To make things interesting, I used 5 copies of the same database and optimized each differently (sort keys, distribution keys & styles, variations in database schema) so we could see the outcome from the perspective of a Tableau user. I also tested these databases with different amounts of data. More on that later.
I leveraged clusters running different instance types and counts:
2, 5, 10, 32 Dense Compute (dc1.large) nodes
- 2 vCPU / 7 ECU each
- 15 GB RAM each
- 160 GB SSD storage each
2 Dense Compute (dc1.8xlarge) nodes
- 32 vCPU / 104 ECU each
- 244 GB RAM each
- 56 TB SSD storage each
At times, I’d randomly have another user executing the same vizzes on Tableau to create concurrency issues.
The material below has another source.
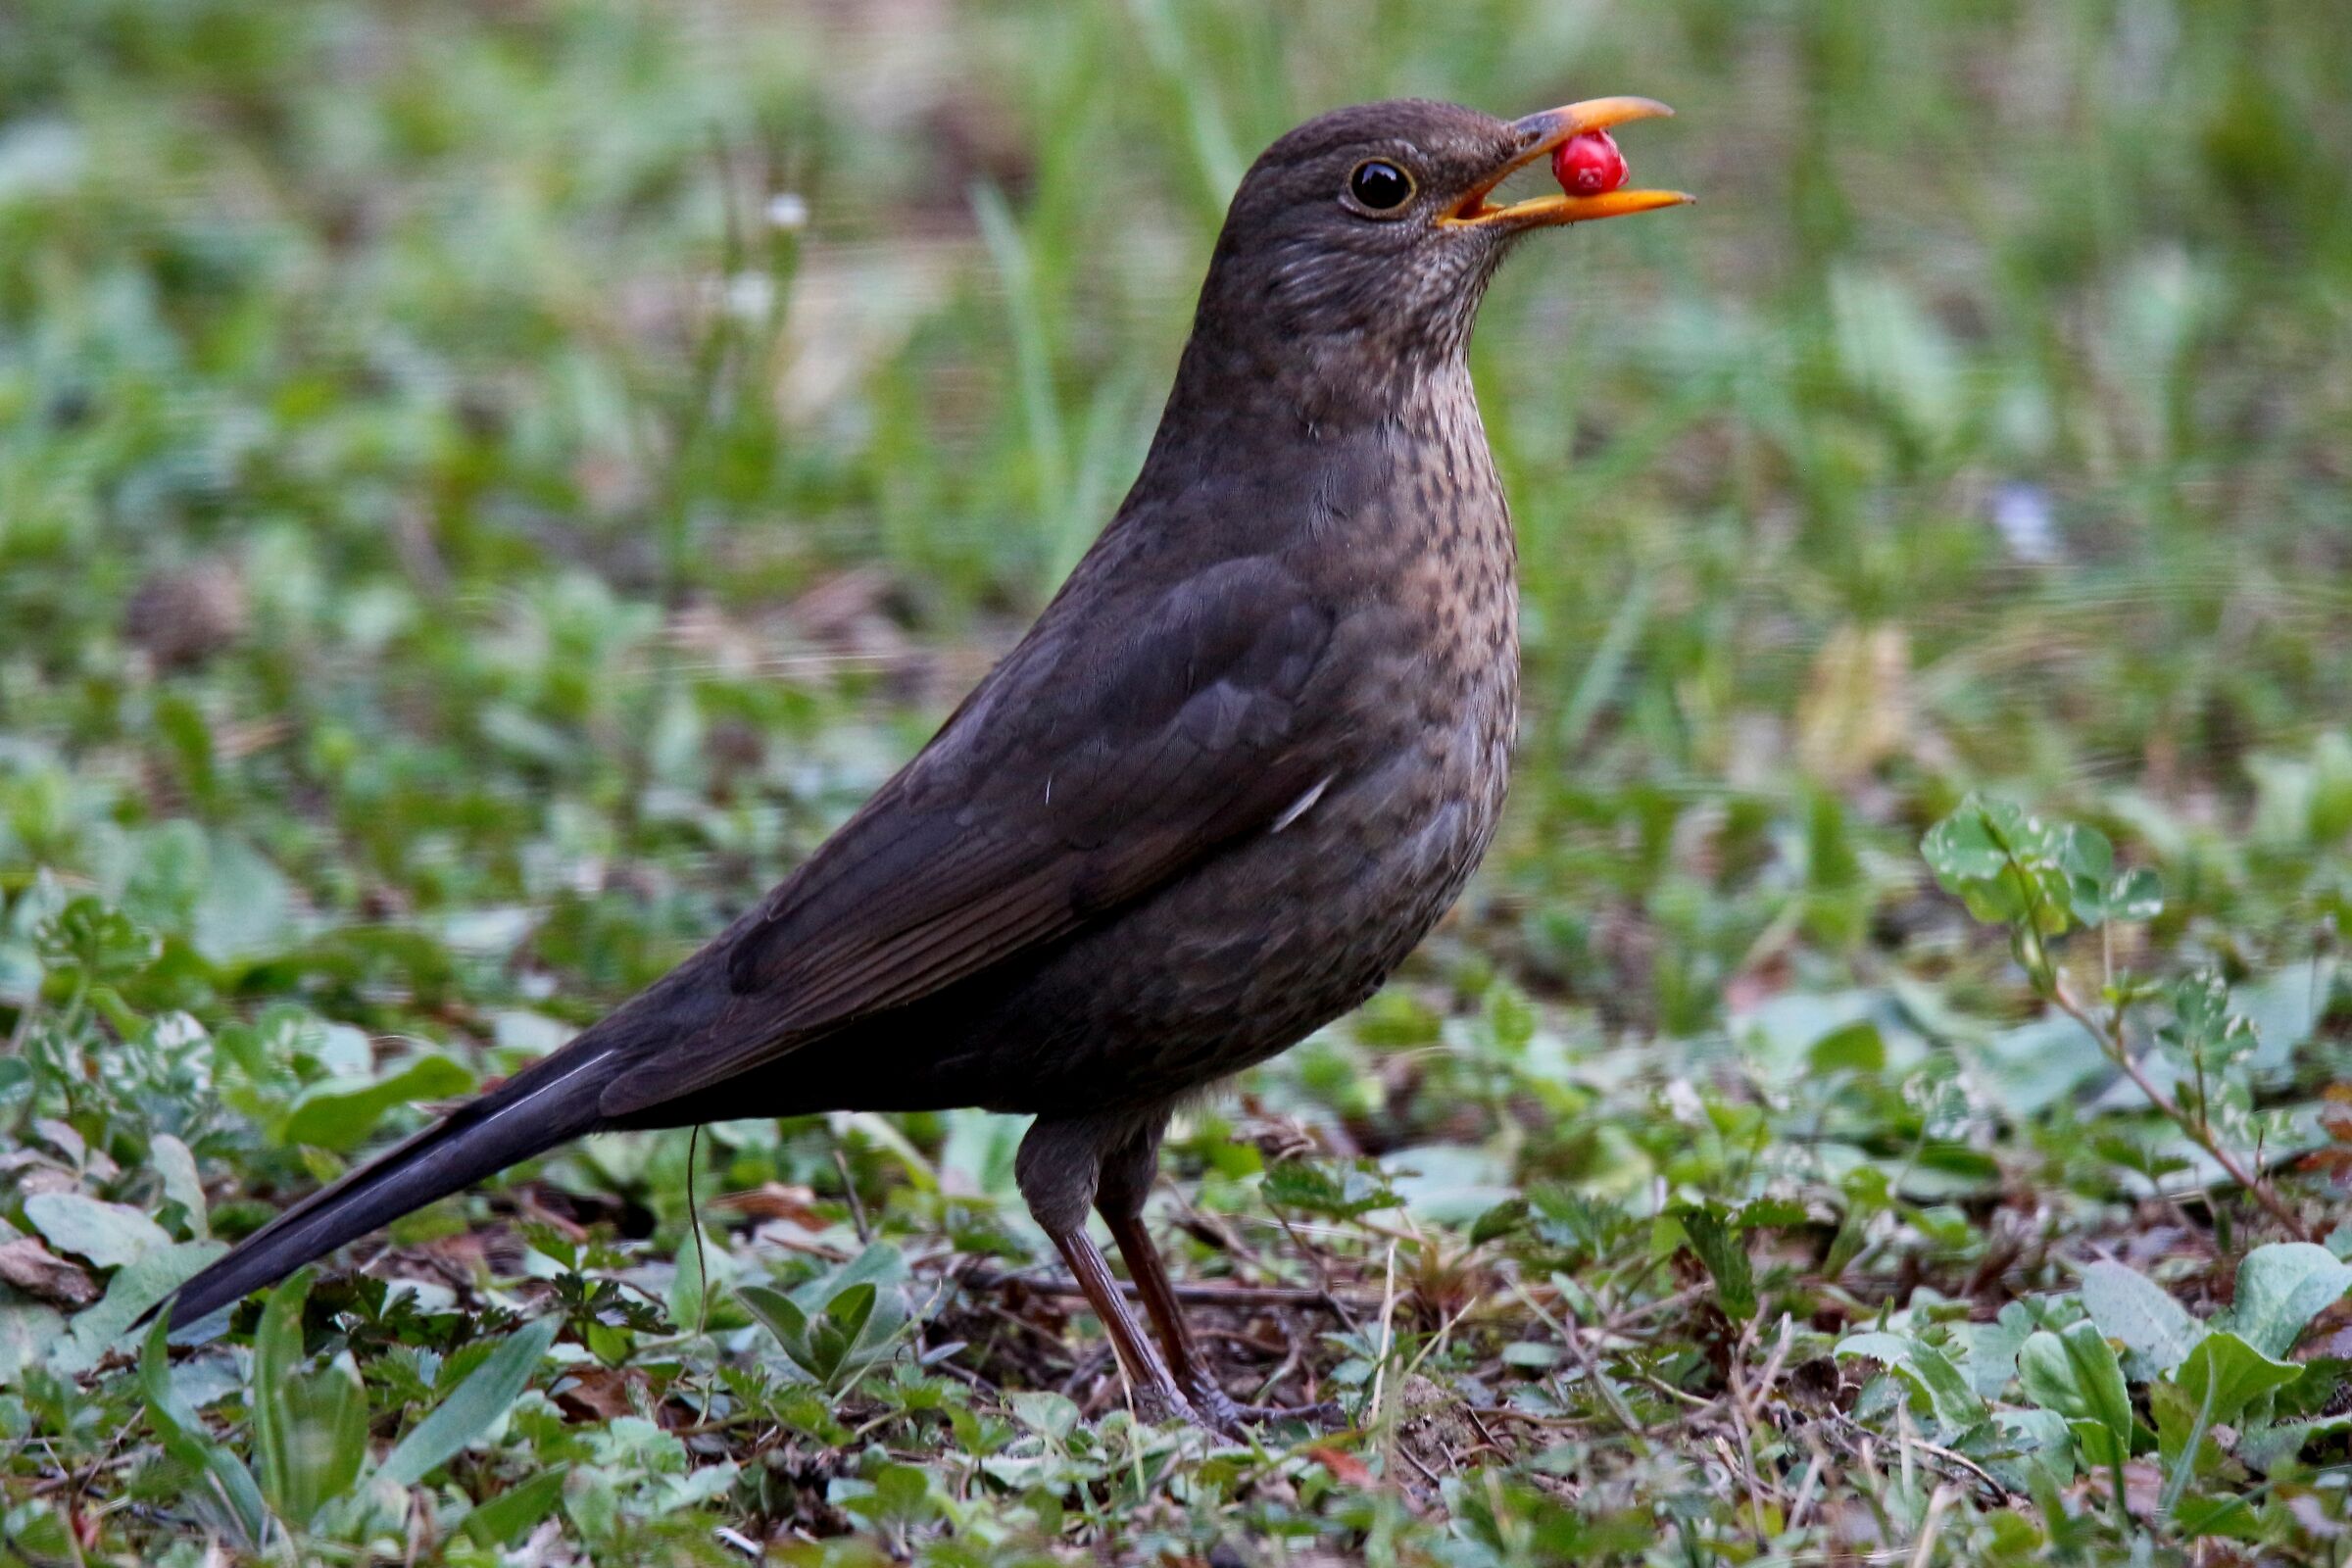 the blackbird with its berry...

I then experimented with WLM settings to increase the number of concurrent queries the cluster could execute.
After running baseline tests, I moved into a “tuning” stage and used our Tableau-Redshift “rules of thumb” in order to INCREASE performance.
My tuning goal was NOT to end up with “the singular, uber-fast viz”. Since this is all make-believe anyway, that seemed like a waste of time to me. In fact, several times I left things in a “good enough for the moment” state and moved on. My real focus is to demonstrate the type of things you can do to improve performance: you can take these ideas and then vary / extend them as you see fit.
When all was said and done, I ran upwards of sixty hour-plus tests and managed to generate some pretty useful data.
Let’s get started.
I created a workload with a mix of vizzes which fall between “simple” and “complex”. The simple vizzes generally fire one or two queries and do basic filtering. As you’d expect, the big, ugly dashboards contain many worksheets and quick filters (don’t do this) and as a result fire MANY queries at Redshift at the same time:
I generated three sets of TPC-DS data and leveraged a subset of the TPC-DS schema. Essentially, I used the store_sales fact table and supporting dimensions, then ignored catalog & web sales and returns.
The datasets I generated included some foreign key values in my fact table that didn’t exist in the associated dimension tables. I don’t know whether the folks at TPC did this on purposes OR if I simply made a mistake, but I went with it – having dirty data is sometimes a fact of life.
As a result, I used lots of LEFT JOINS in my Tableau data source, which probably prevented most join culling from occuring (recall that join culling is good for performance). Here is what my data source looked like in Tableau:
I mentioned three sets of data – pretty much these represent small, medium, and larger datasets. Here are the approximate number of rows in each of the three data sets:
Since I hate waiting, I tended to use the 180M row fact table dataset to “learn with”. I then would swap over to the 390M or 3B row dataset to confirm that behavior was more or less the same and make additional adjustments if necessary.
Finally, here are the five (similar, but different) database designs I went with. At the highest level, each database uses the exact same tables, columns, and referential integrity constraints as defined by TPC-DS.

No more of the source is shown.